Так, как‑то раз я приехала в Лавру к старцу архимандриту Кириллу. Меня одолел страшный недуг — бессонница. Ночью я засыпала, в лучшем случае, на час — полтора и вдруг, как бы от внутреннего толчка, просыпалась и, несмотря на изнуряющую усталость, уже не могла сомкнуть глаз. Так продолжалось почти два года. А тут еще добавилось то, что я перестала есть.
Истощенная, одурманенная от своей немощи, я и предстала пред отцом Кириллом. Он выслушал меня, как всегда, ласковый, любящий, сострадающий, дал мне коробку конфет и сказал:
— Тебе нужен покой…
— Батюшка, какой покой? Где же мне его взять?
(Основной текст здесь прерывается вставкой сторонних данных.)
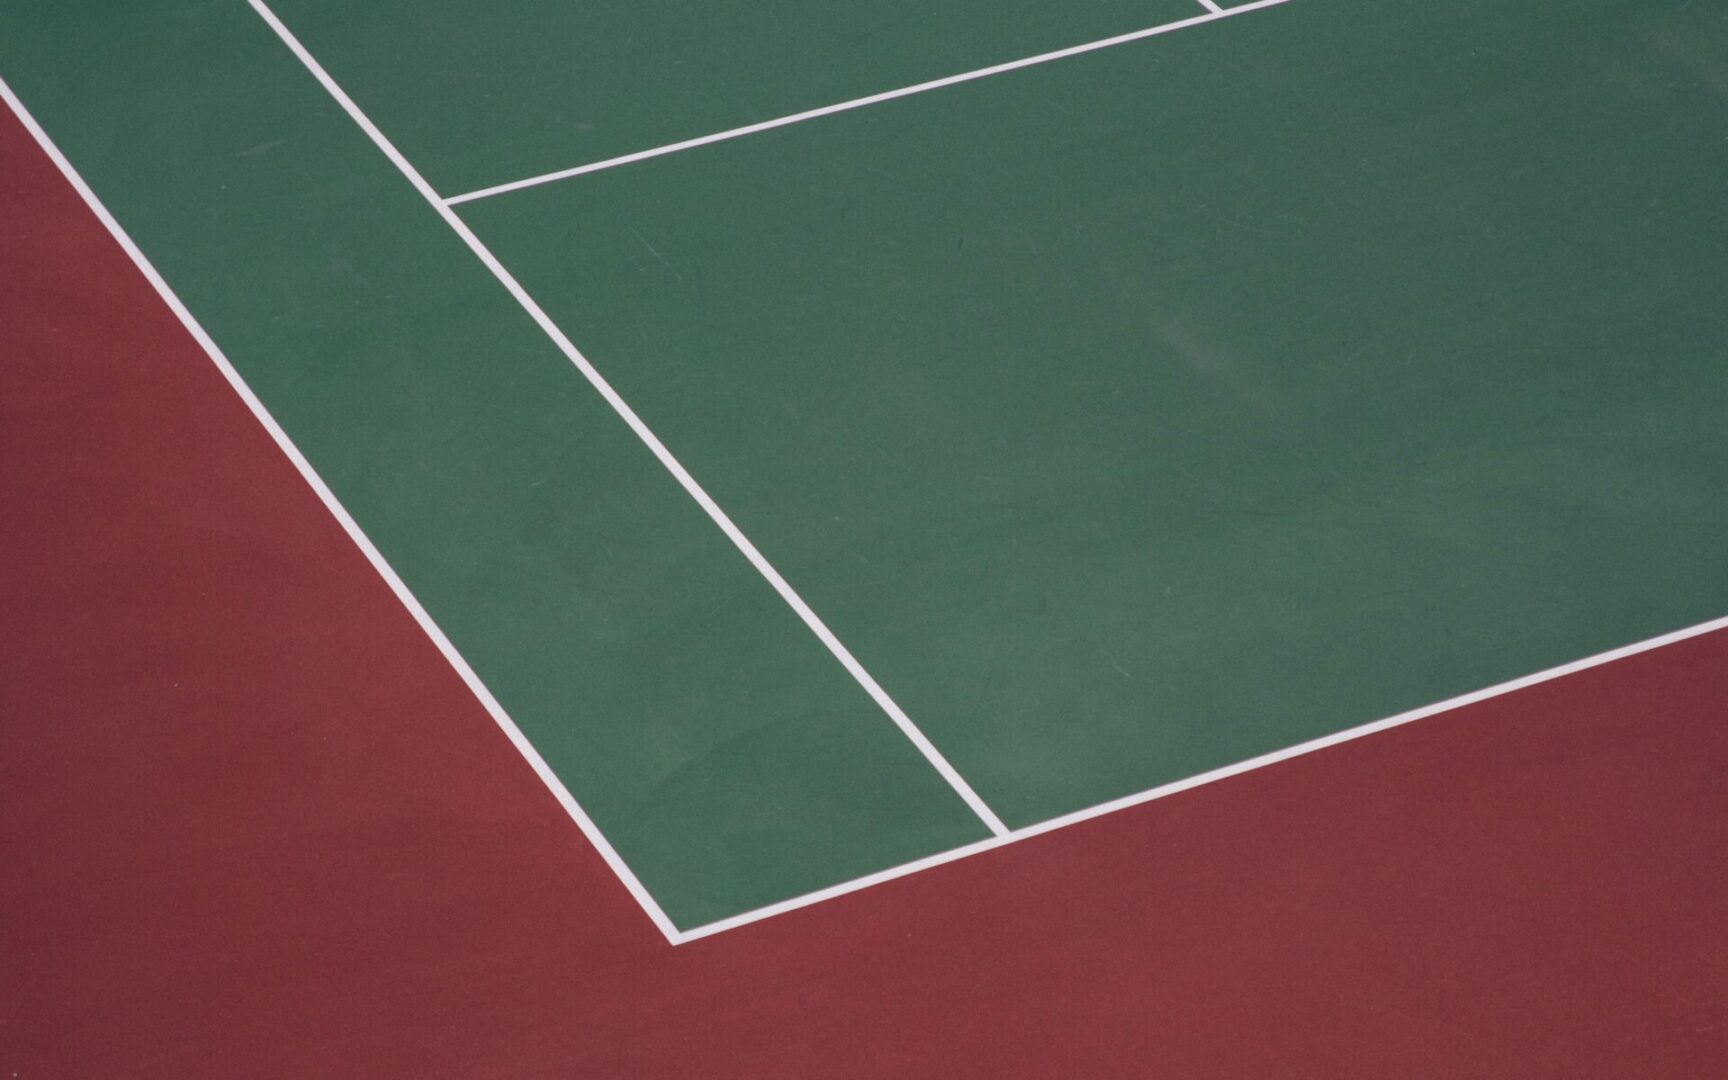 A tennis court with two different colors of green and white.

У меня семья большая, забот столько, страхов, трудов, суеты, страстей…
— Тебе нужен покой, — повторил отец Кирилл. — Пойди сейчас к преподобному Сергию…
В недоумении я вышла из его кельи.
«Ну да, покой, — думала я, — легко сказать! А что же мне сделать, чтобы его получить? Господи, погибаю!»
С этими мыслями я и вошла в Троицкий храм. Как раз в этот момент священник начал читать Евангелие — отрывок, который я не только, конечно же, знала, но помнила наизусть. И я замерла на пороге.
«Приидите ко Мне вси труждающиеся и обремененнии, и Аз упокою вы. Возмите иго Мое на себе, и научитеся от Мене, яко кроток есмь и смирен сердцем: и обрящете ПОКОИ душам вашим».
Слово «покой» ударило мне в сердце и… наполнило его покоем. Слышанное мною много раз вдруг претворилось в живое слово, слово бытийное, несущее в себе реальность, слово исцеляющее, слово, обращенное лично ко мне.
Забыть это или оставить втуне мне кажется актом неблагодарности.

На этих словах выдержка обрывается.